Transformer god praised in Stratford celebrations

Worshippers celebrate Shiva's wedding in Stratford Picture: Sudarshan Kapur

Worshippers celebrate Shiva's wedding in Stratford Picture: Sudarshan Kapur - Credit: Archant

Hindus praised Lord Shiva in a 15-hour festival to thank him for acting as their protector.

Sudarshan Kapur leads worship of Shiva in Stratford Picture supplied by Sudarshan Kapur

Sudarshan Kapur leads worship of Shiva in Stratford Picture supplied by Sudarshan Kapur - Credit: Archant

The Maha Shivaratri celebrations at Radha Krishna Temple in Cedars Road, Stratford, honoured the god, who joins Vishnu and Brahma as one of Hinduism’s three major deities, with dancing, singing and prayer from 6am to 9pm on Monday.

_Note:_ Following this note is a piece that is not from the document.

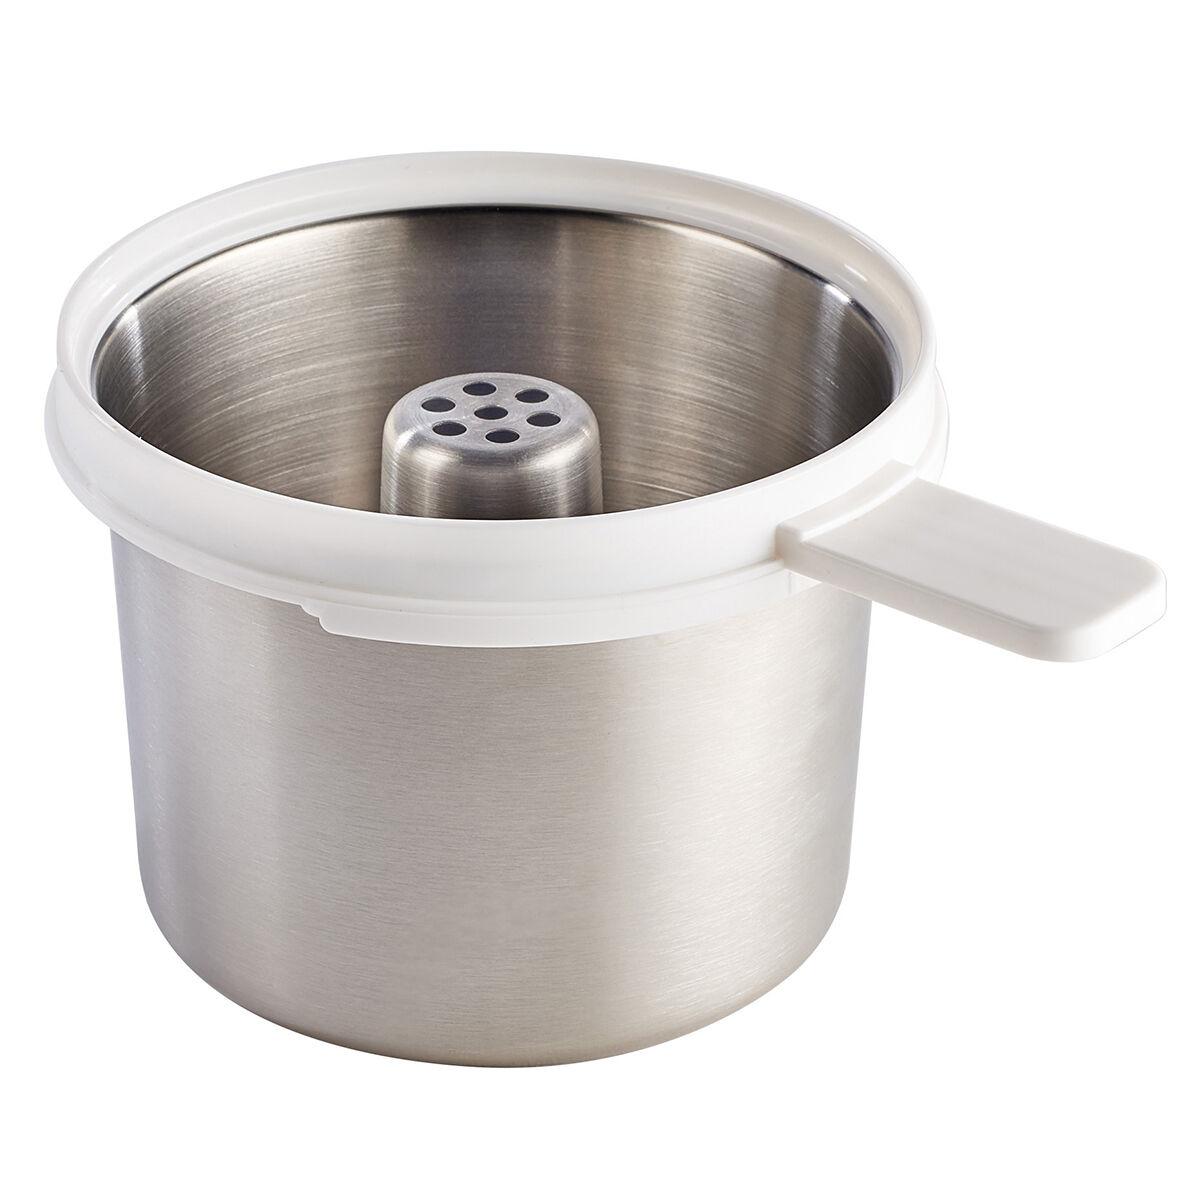 BÉABA Pasta-Rice Cooker Babycook Neo - Inox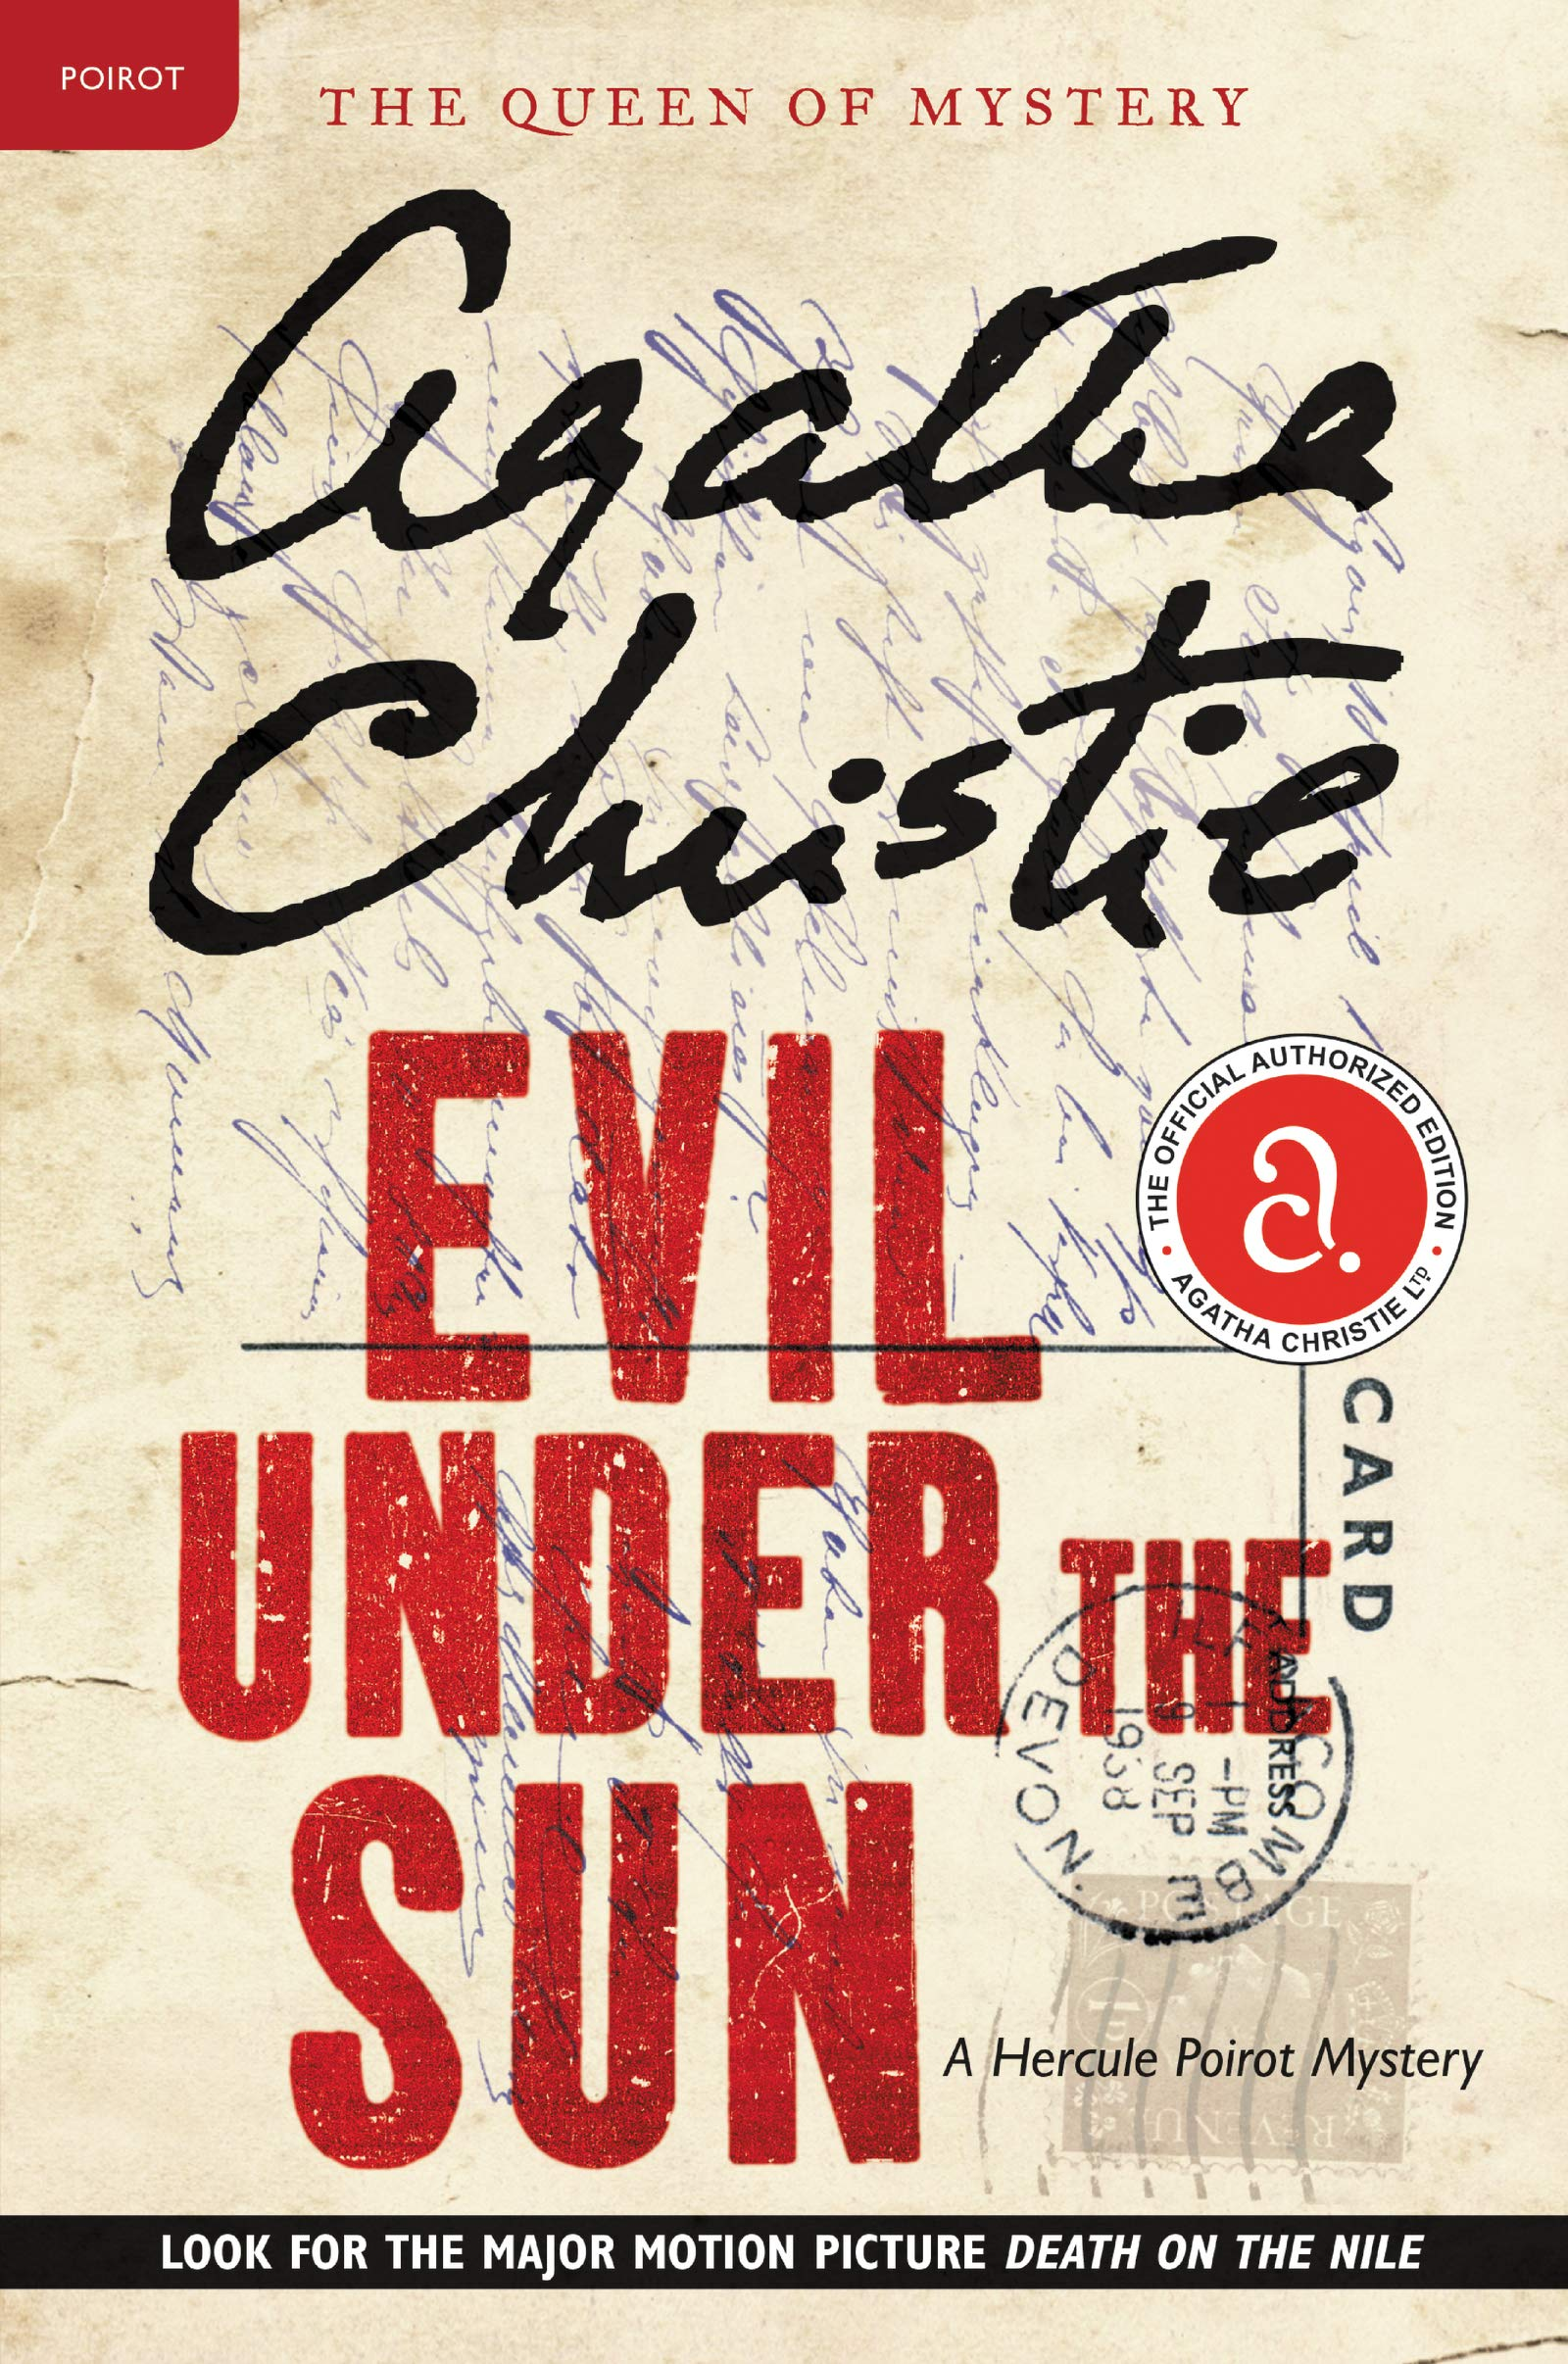 Amazon.com: Evil Under the Sun: A Hercule Poirot Mystery (Hercule Poirot  Mysteries, 23) (9780062073938): Christie, Agatha: Books

Sudarshan Kapur, 76, organised the temple’s celebrations and said Maha Shivaratri, the date of which varies each year, is always a happy time for Hindus.

“There’s a lot of singing and dancing and people always get dressed up in very colourful clothes,” she said. “We all love Shiva and this is how we celebrate him as our protector and creator – he’s everything.”

Sudarshan, who moved to London from New Delhi in India in 1964, was the lead singer in musical celebrations of Shiva from 7pm to the festival’s end at 9pm.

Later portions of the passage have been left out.